Islamic, Byzantine and Latin Exchange Systems in the Mediterranean (800-1150)
Chris Wickham University of Oxford, Emeritus
February 5, 2021 · 1:00 pm—2:30 pm · Zoom
Program in Near Eastern Studies; Humanities Council; Center for Collaborative History
Public Lecture on Zoom – Registration Required at:
https://princeton.zoom.us/webinar/register/WN_iz9K7Ms0QRyYvNILhdrQLg
How did Mediterranean trade work, and how did it change from a low point in the eighth century to the great trade cycle of the central Middle Ages? Storylines have long focused on Italian shipping, but Egyptian documents and advances in archaeology show a far more complex picture.

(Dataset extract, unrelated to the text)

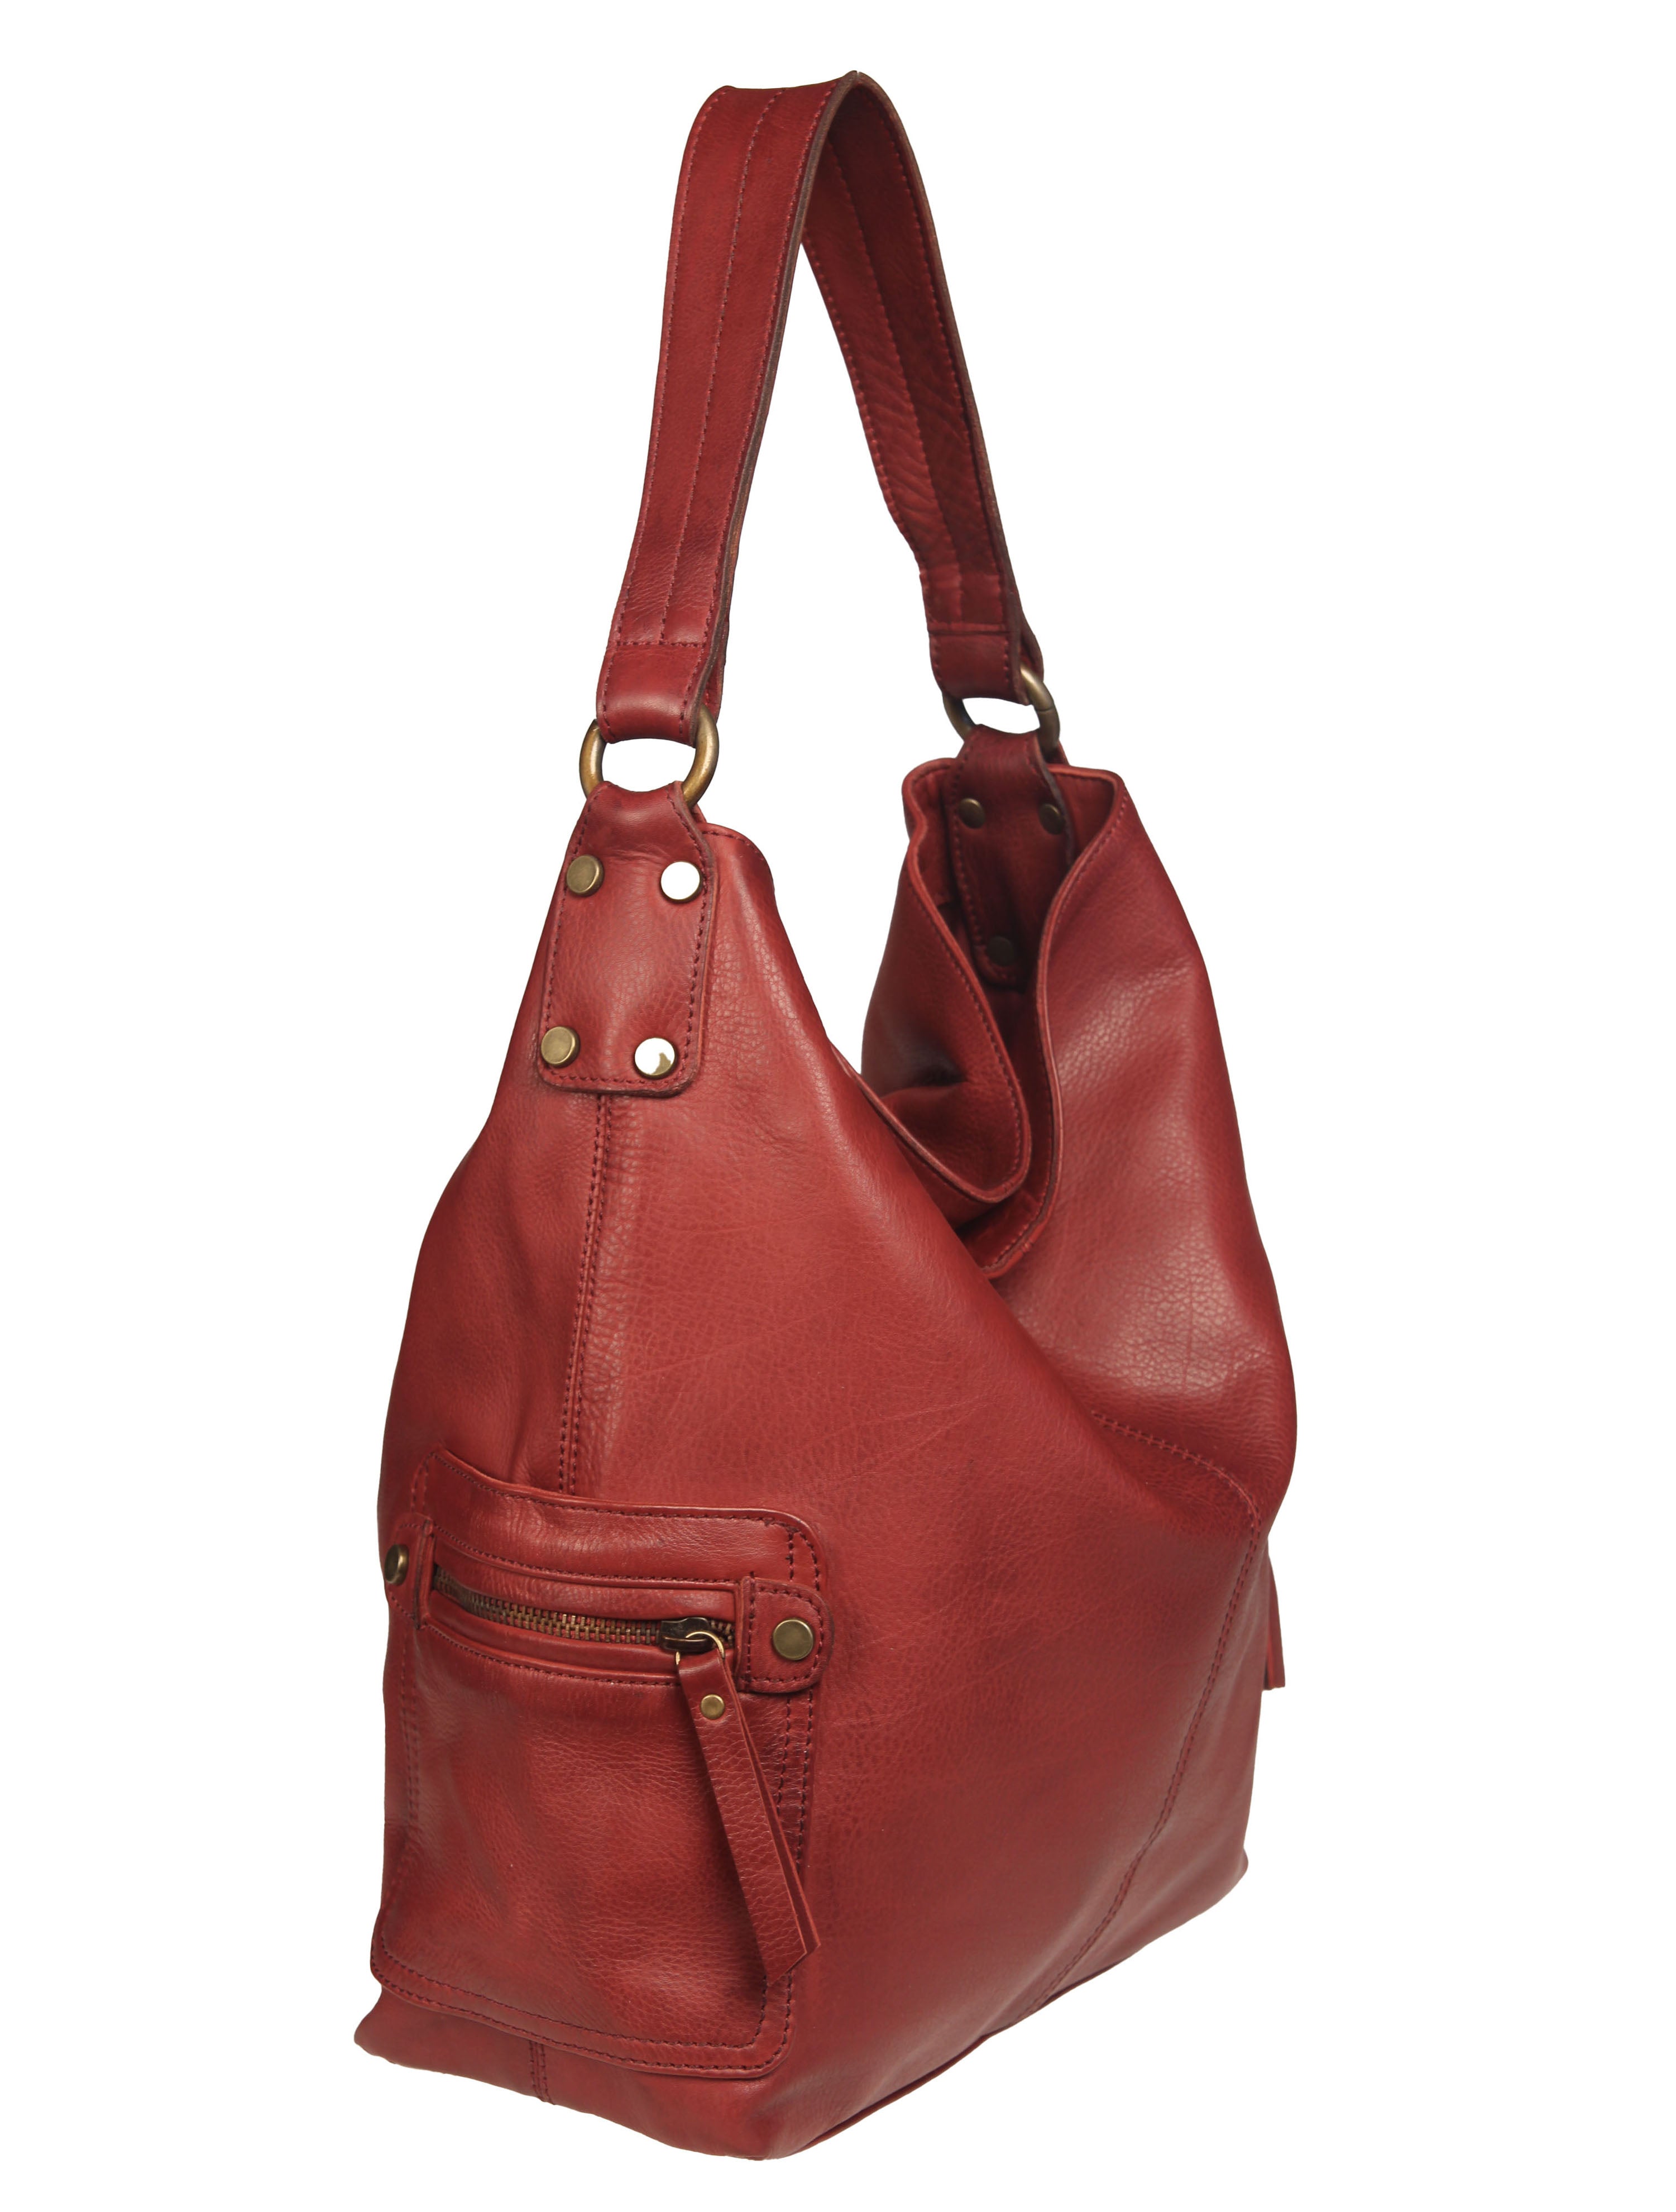 Tano Gray Shoulder Bags for Women | Mercari

Chris Wickham is Chichele Professor of Medieval History emeritus at the University of Oxford and Fellow of All Souls College, and will be Director of the British School at Rome, January through July 2021. He is the author of numerous books on medieval rural and urban Italy as well as highly acclaimed comparative histories of Late Antiquity and the early Middle Ages, most recently Medieval Europe (Yale UP, 2016). He is currently writing a comparative history of the Mediterranean ca. 950–1180, synthesizing textual and archeological evidence for long-distance and regional exchange.